(Beginning of COLLECTED DATA)

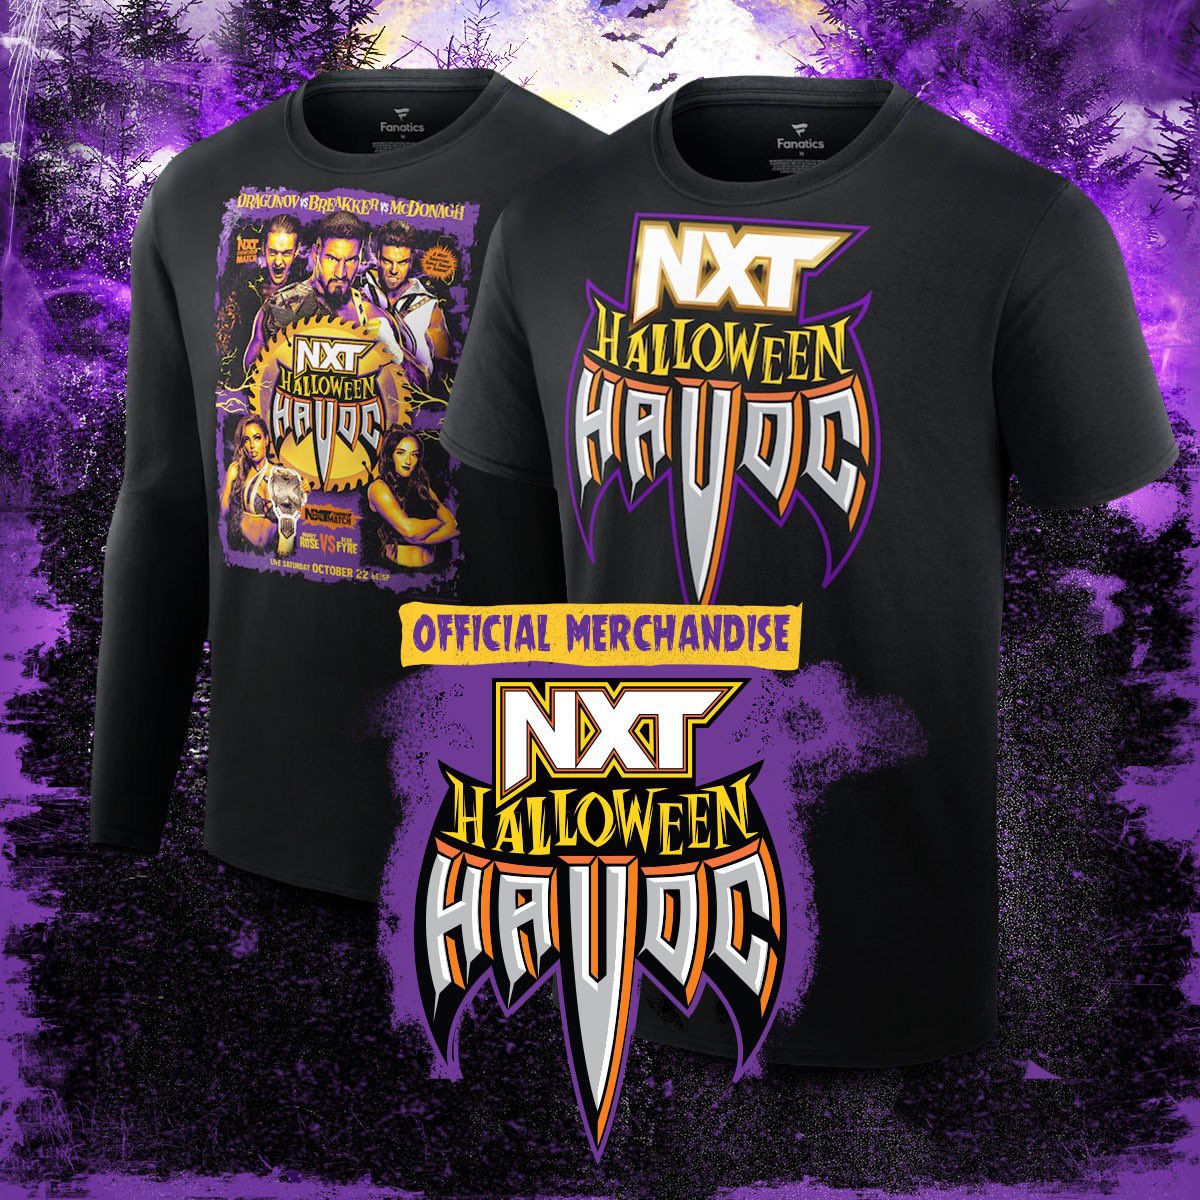 Get your NXT Halloween Havoc merch today! Available now at #WWEShop #WWE 🛒: bit.ly/3gtCw7o
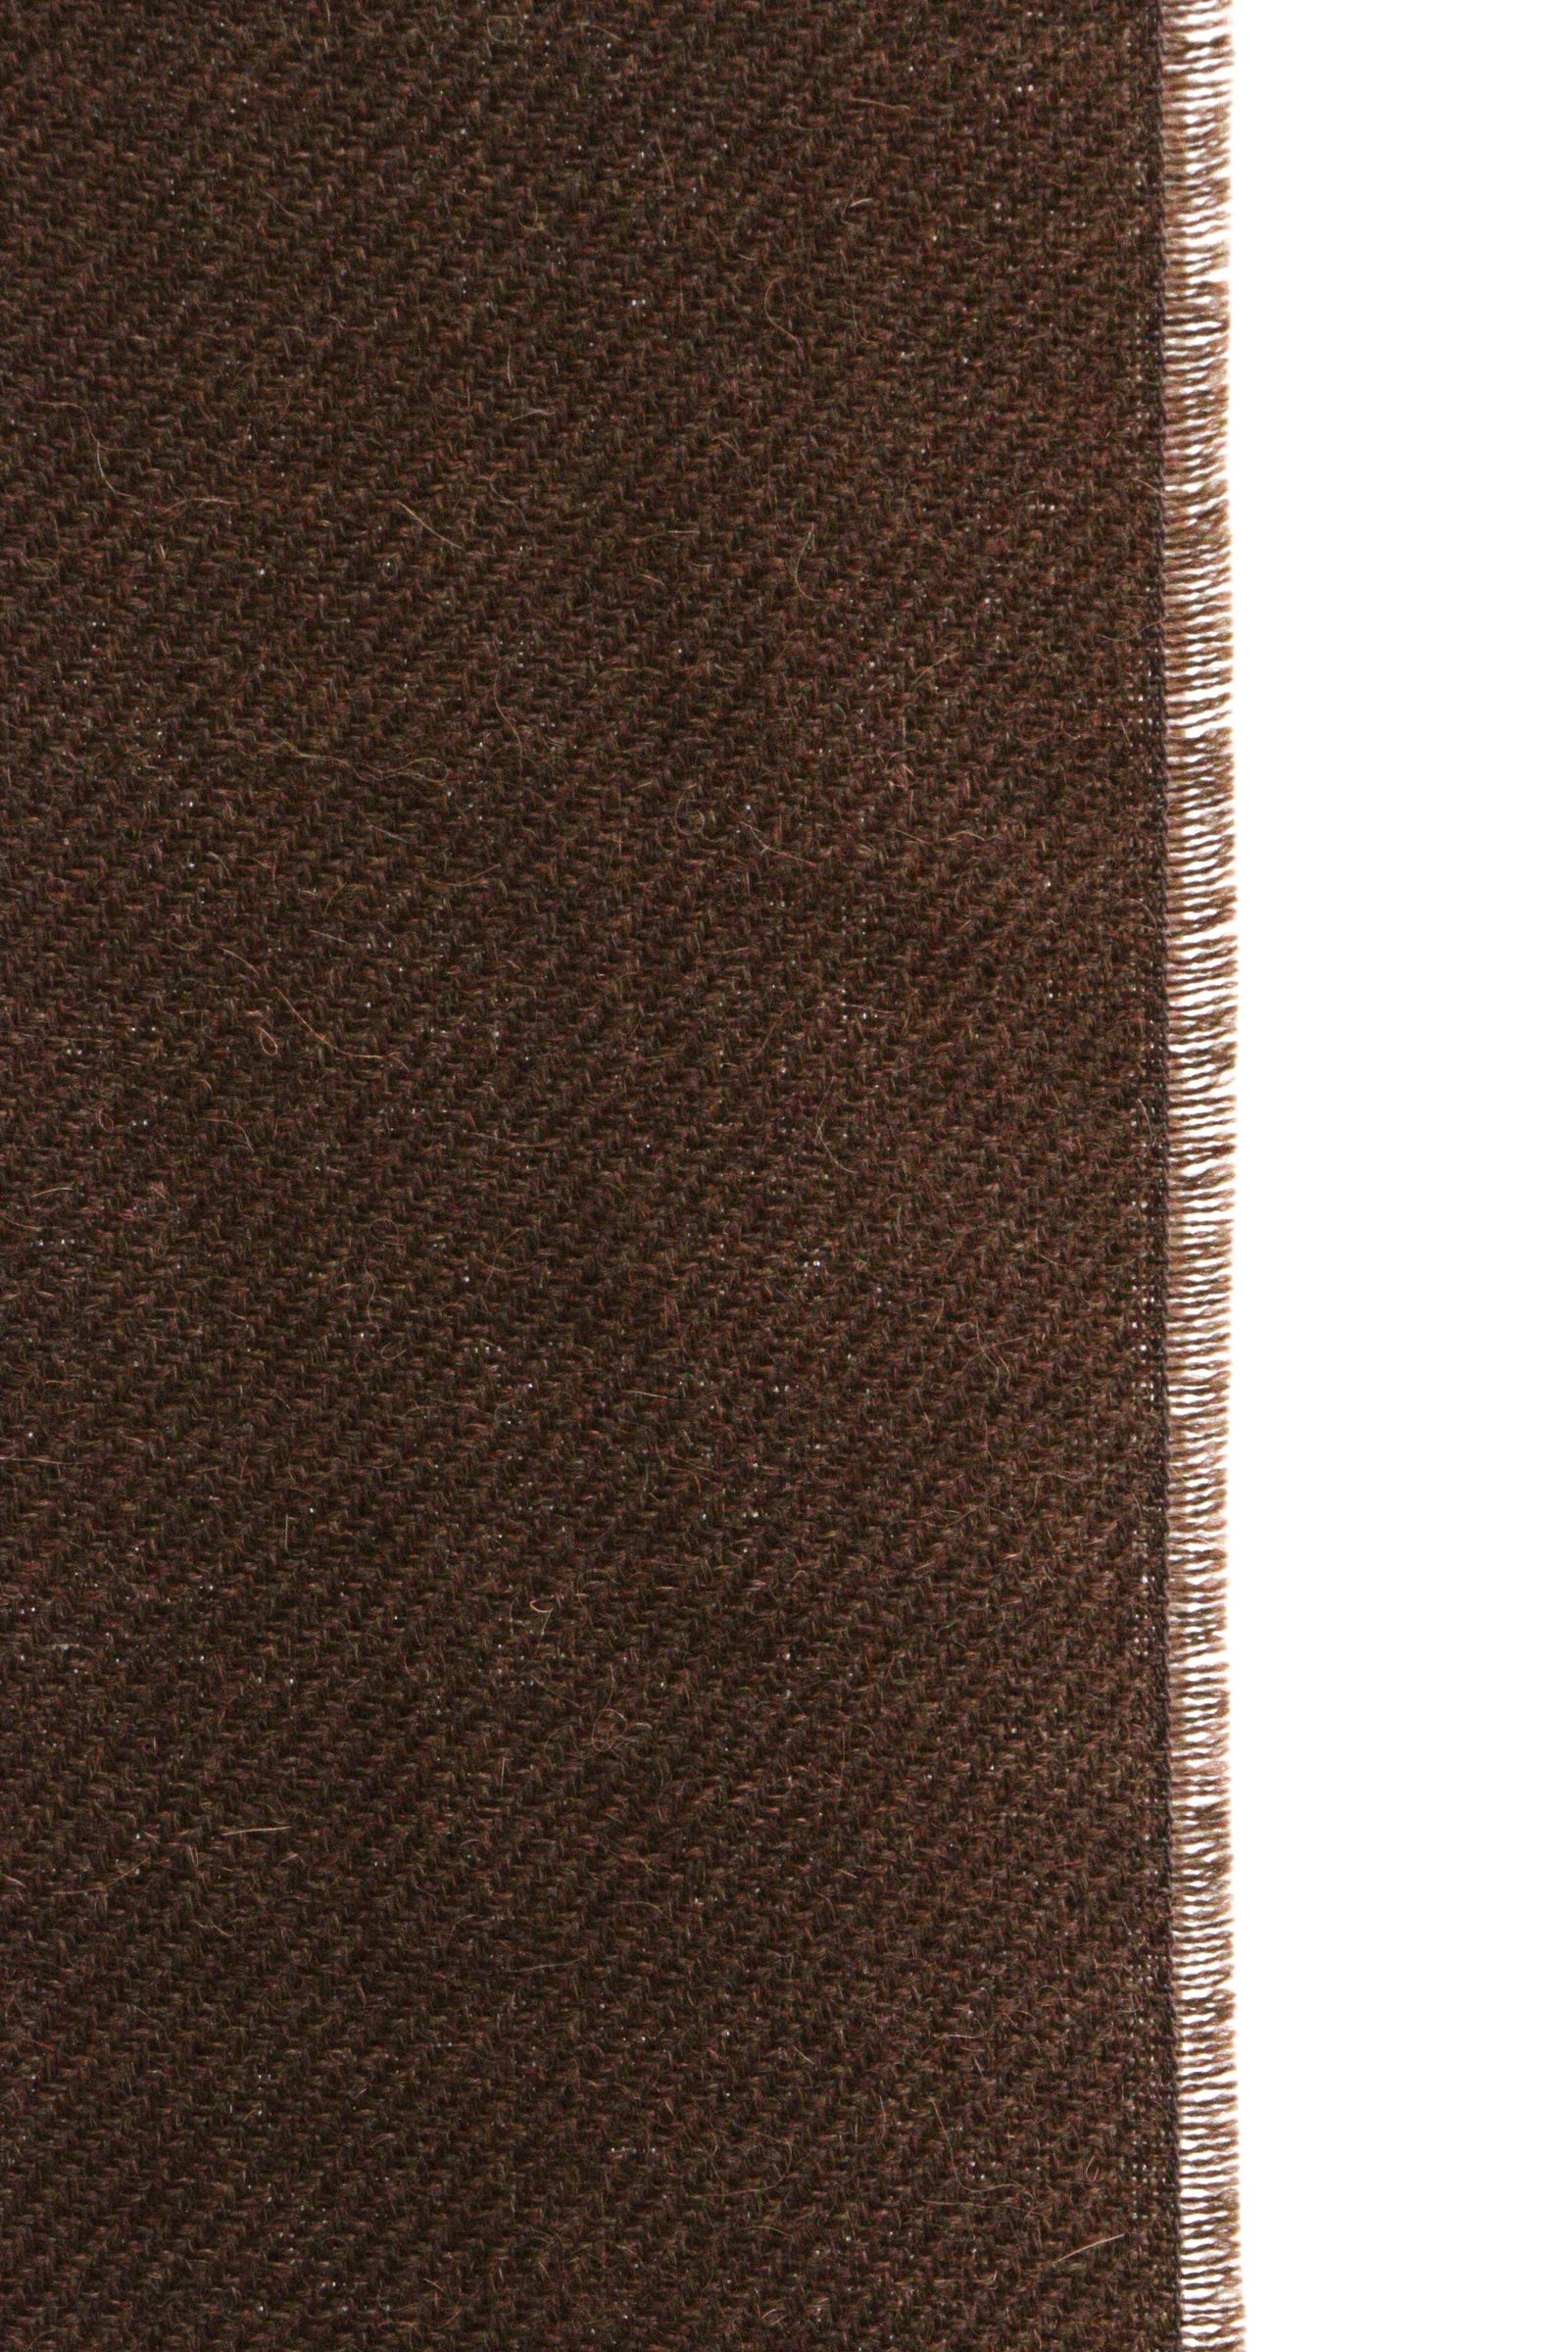 THE INOUE BROTHERS - Non Brushed Large Stole Brown / 大判ストール 
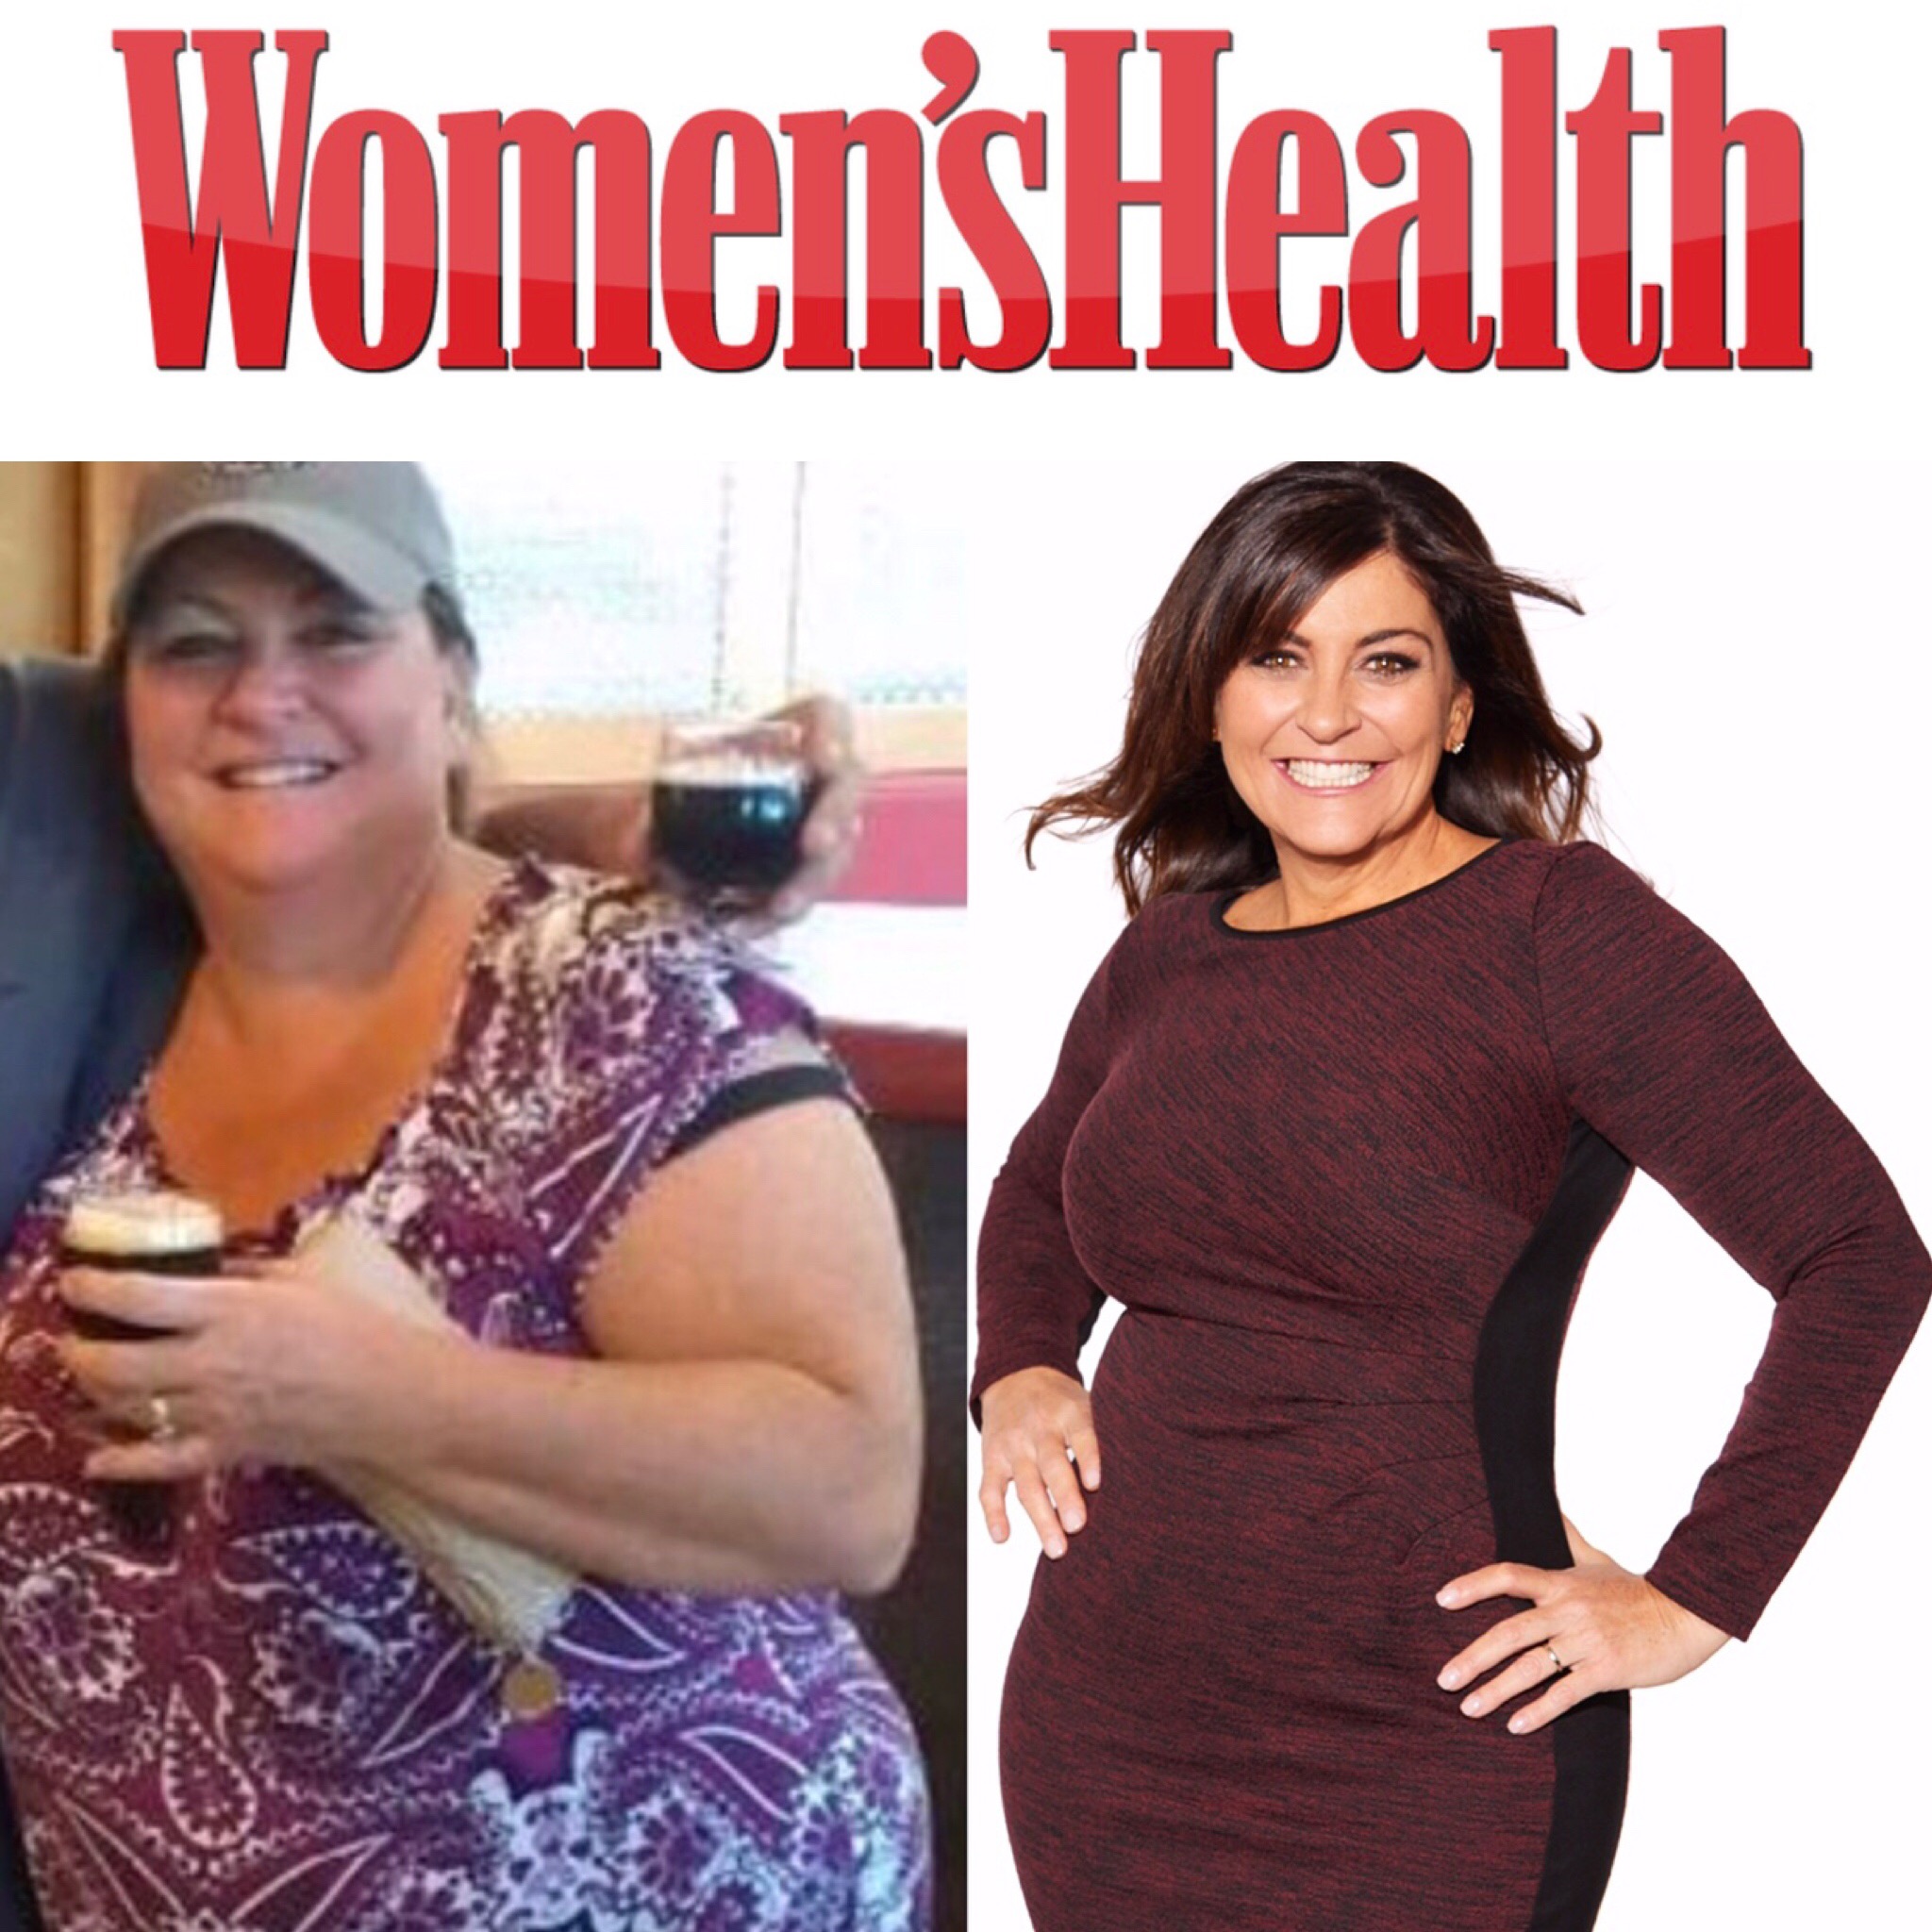 ‘How I Finally Lost 140 Pounds After Years Of Dieting’ Jenna Leveille had tried every plan out there. BY DANIELLE PAGE

(End of COLLECTED DATA)

Please set down every line of the listing verbatim, excluding its pictures.

 Get your NXT Halloween Havoc merch today! Available now at #WWEShop #WWE 🛒: bit.ly/3gtCw7o
 THE INOUE BROTHERS - Non Brushed Large Stole Brown / 大判ストール 
 ‘How I Finally Lost 140 Pounds After Years Of Dieting’ Jenna Leveille had tried every plan out there. BY DANIELLE PAGE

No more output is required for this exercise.